● Work to complete: Only one span of the material below is wanted. Output it exactly, from the line with "Anillo Heideman Ring" through the line with "Paketzustellung Weihnachten 2019.Die", without any pictures.

● Records supplied:
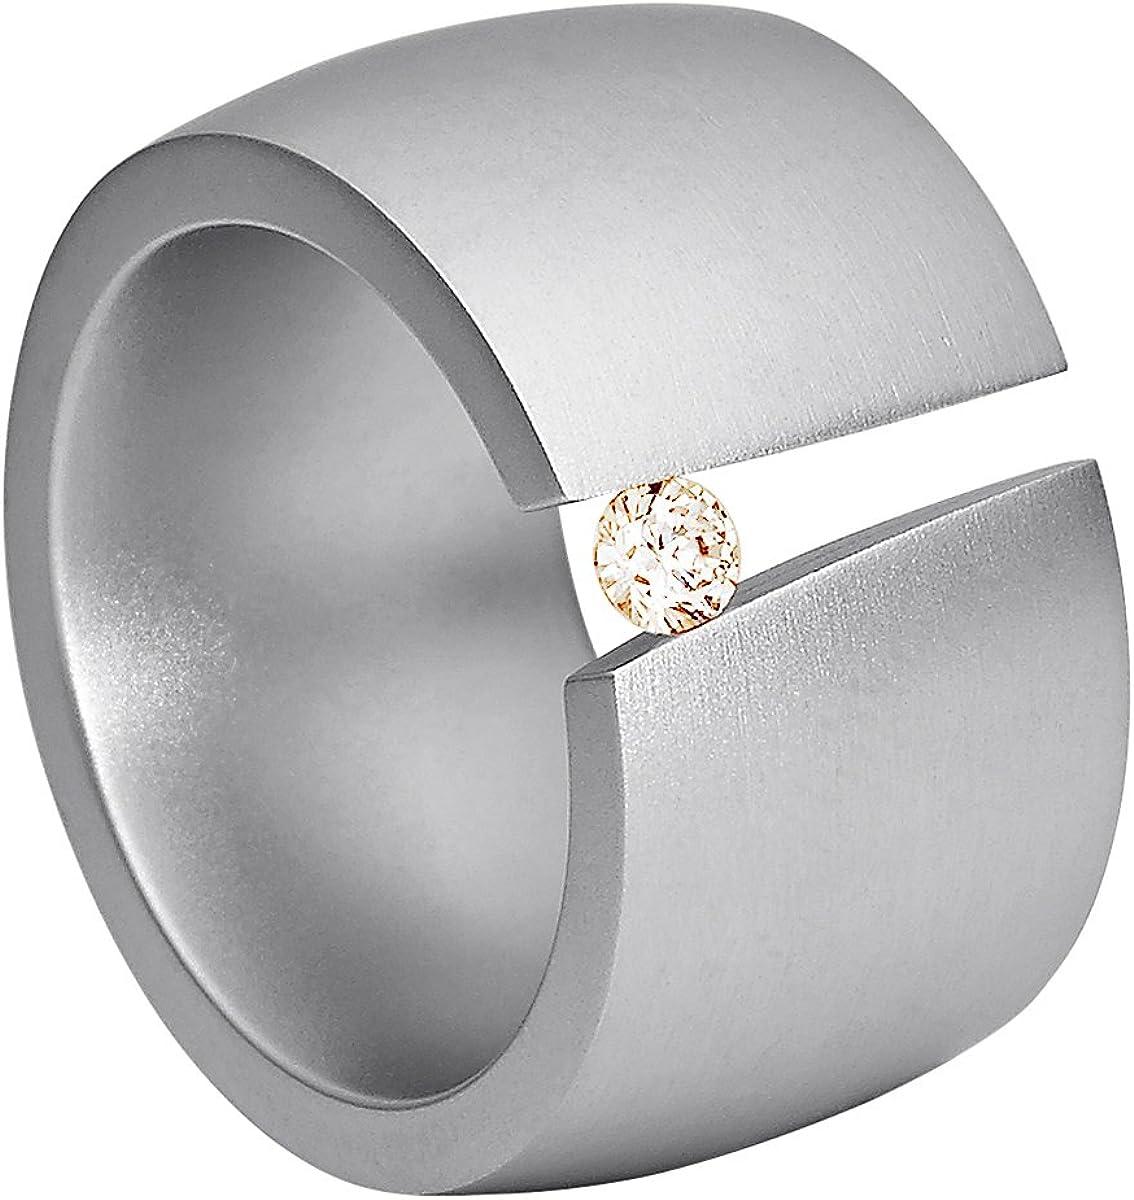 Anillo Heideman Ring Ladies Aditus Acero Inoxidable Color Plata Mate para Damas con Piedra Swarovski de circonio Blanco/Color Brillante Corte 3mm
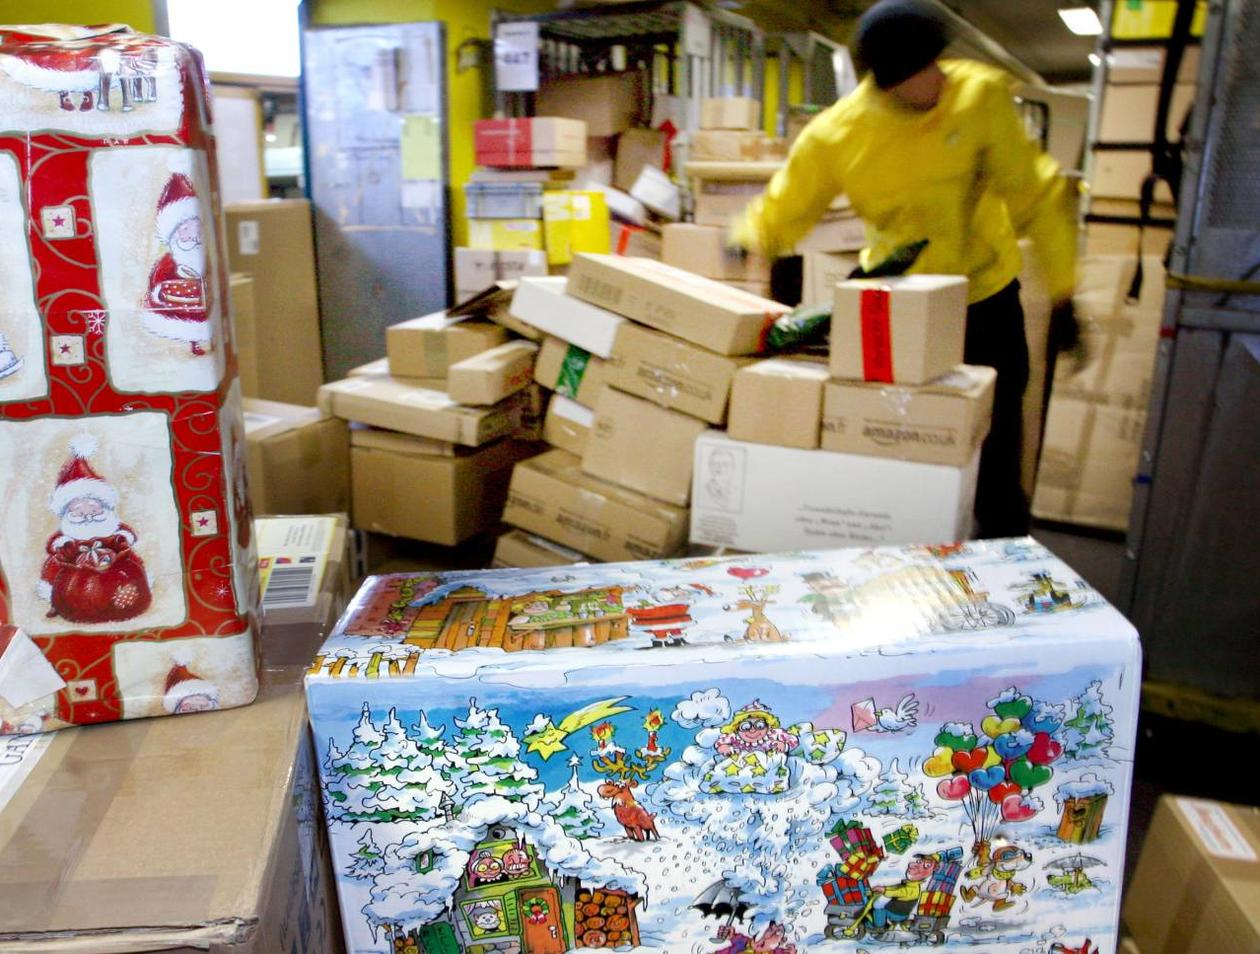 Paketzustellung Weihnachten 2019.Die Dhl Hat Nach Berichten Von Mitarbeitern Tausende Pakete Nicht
--
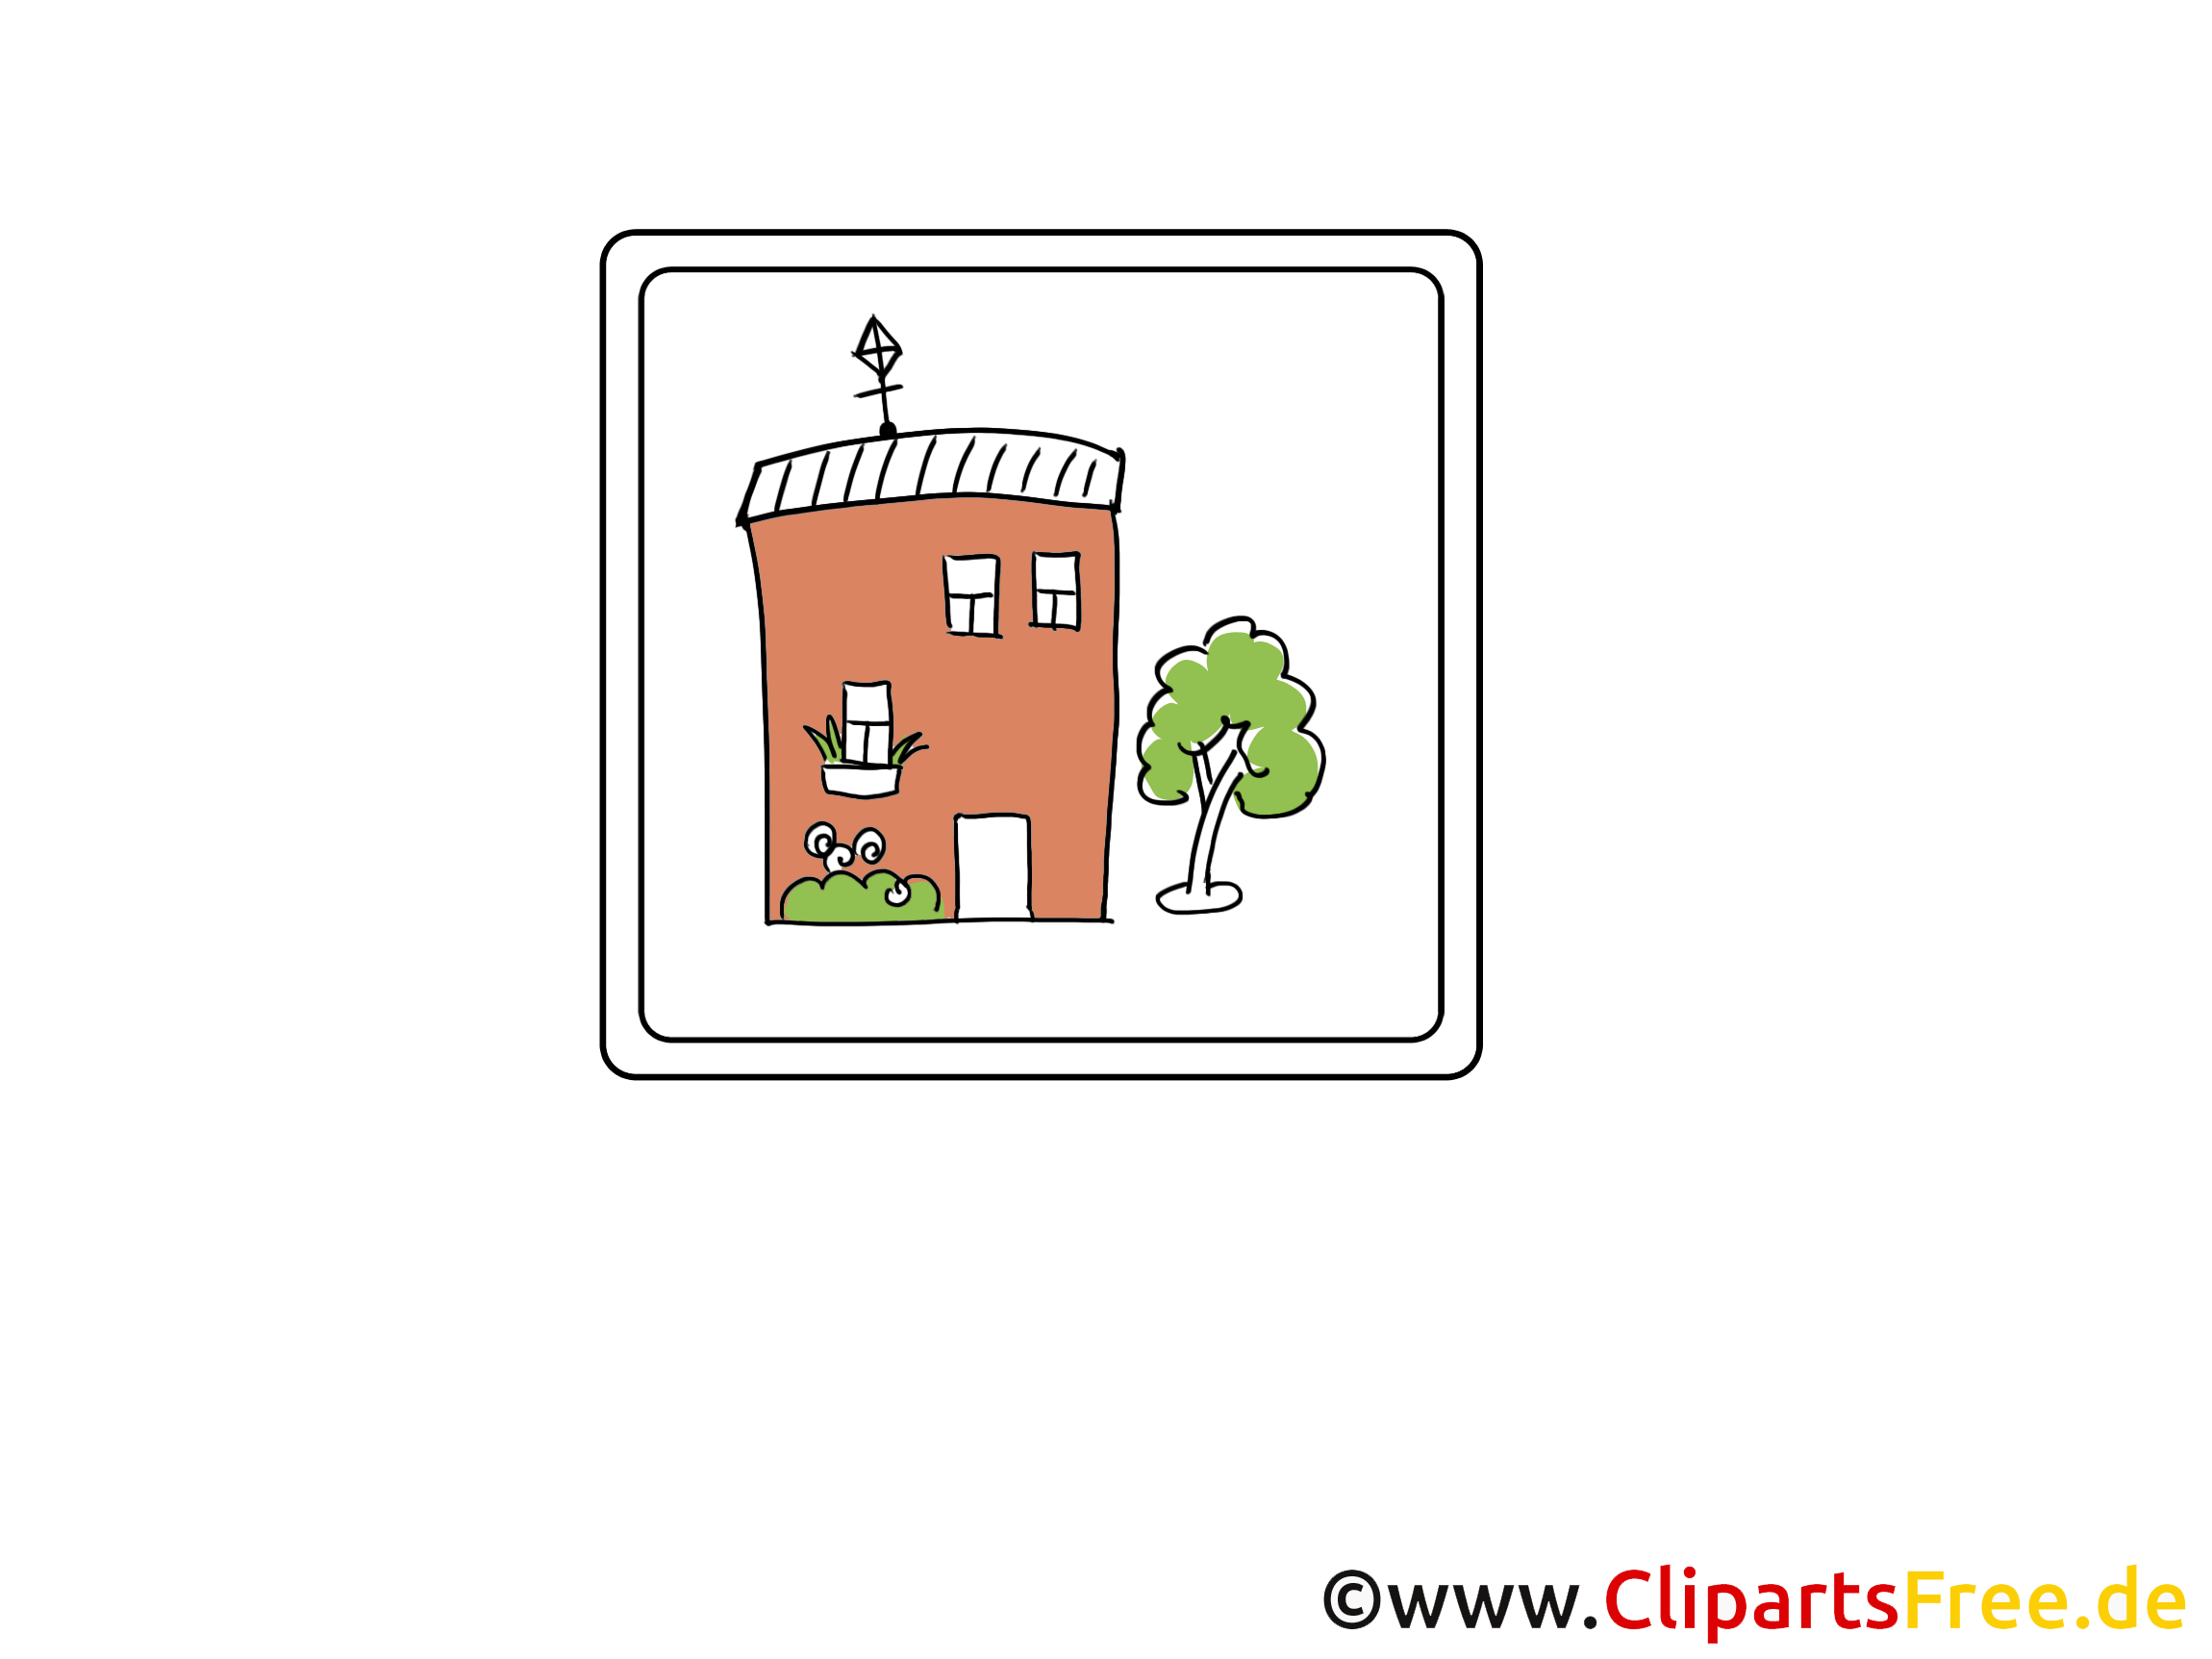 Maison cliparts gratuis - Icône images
--
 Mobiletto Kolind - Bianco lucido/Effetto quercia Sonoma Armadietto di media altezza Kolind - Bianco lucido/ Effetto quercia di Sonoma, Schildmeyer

● Response to the task:
 Anillo Heideman Ring Ladies Aditus Acero Inoxidable Color Plata Mate para Damas con Piedra Swarovski de circonio Blanco/Color Brillante Corte 3mm
 Paketzustellung Weihnachten 2019.Die Dhl Hat Nach Berichten Von Mitarbeitern Tausende Pakete Nicht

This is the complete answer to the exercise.